Most Black Widows in combat configuration went out of service right after WW2. Test and hack aircraft hung around for a few years. They were totally removed from the inventory in the early 50s.


----------



## evangilder (Sep 14, 2005)

I always thought the F-51 was the redesignation of the P-51.


----------



## syscom3 (Sep 14, 2005)

Dont you mean P/F-61 Blackwidow?

The F61 also was converted postwar to a recon plane called the "reporter".

Didnt do much though cause of the jets coming onine.


----------



## jrk (Sep 15, 2005)

the title of this thread is p/f-61 black widow


----------



## evangilder (Sep 15, 2005)

Yes, but your first post said F-51, that is why I got confused. Sorry bout that.


----------



## jrk (Sep 16, 2005)

dang i may have misprinted........my mistake sorry eg.


----------



## evangilder (Sep 16, 2005)

No biggie, that's why we asked.


----------



## jrk (Sep 16, 2005)

i,m not having the best of times at the moment.


----------



## syscom3 (Sep 16, 2005)

I dont think the P61 served in the air defense role for the US after 1947 or so. The F82 was deployed and far superior to the P61 by then.

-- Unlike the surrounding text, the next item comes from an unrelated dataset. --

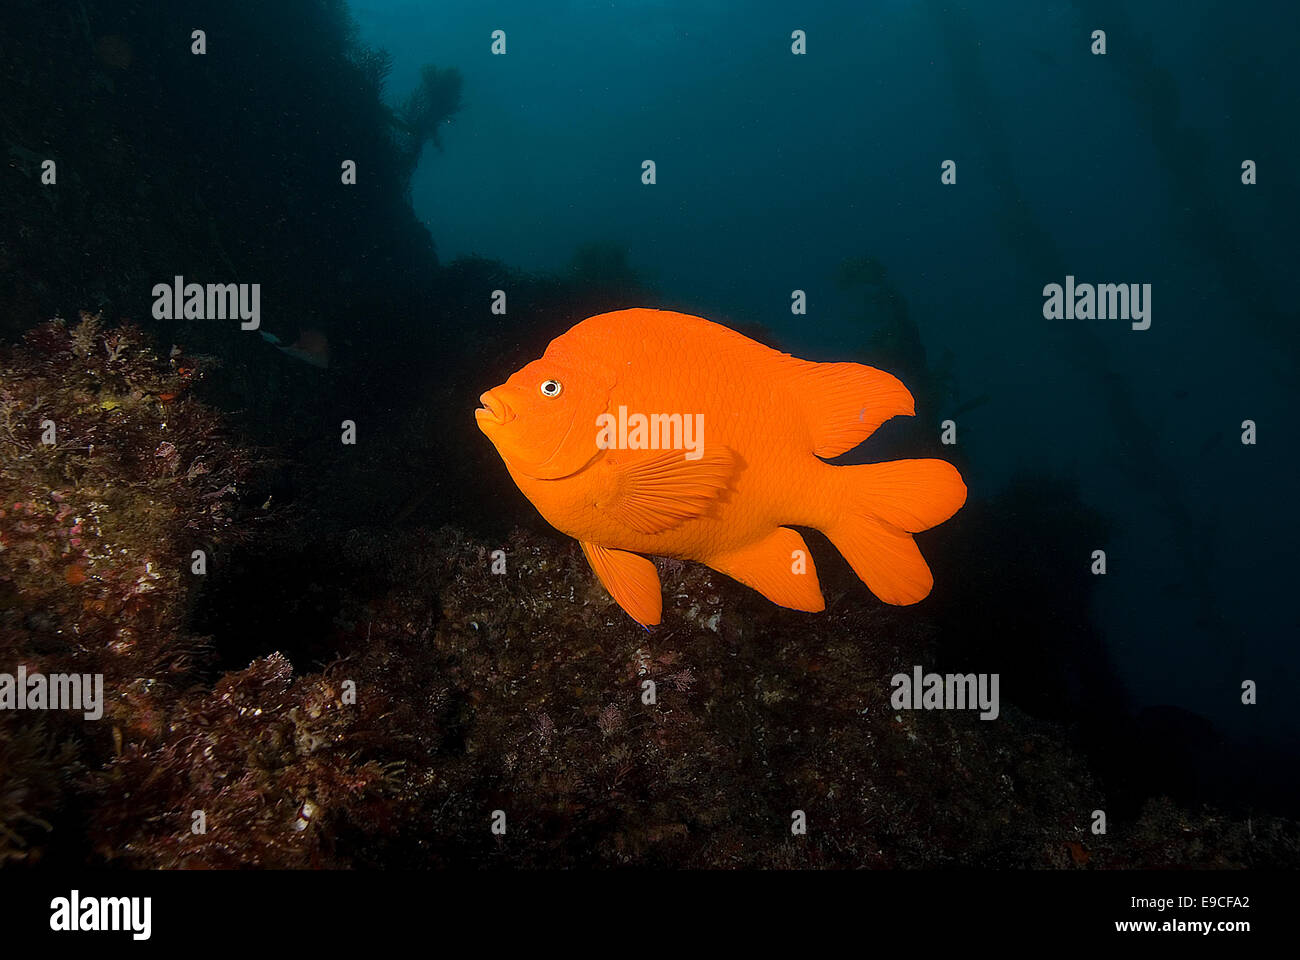 Underwater Garibaldi fish at California reef Stock Photo

If someone has different info, Id like to know


----------



## FLYBOYJ (Sep 16, 2005)

syscom3 said:


> I dont think the P61 served in the air defense role for the US after 1947 or so. The F82 was deployed and far superior to the P61 by then.
> 
> If someone has different info, Id like to know



I believe you're right. I think the F-82 was the main air defense fighter right after the war


----------



## Marshall_Stack (Sep 29, 2005)

The P-61 reconnaissance version became the F-15 Reporter, not the F-51. It was used as an all-weather recon plane for a short period after WWII.


----------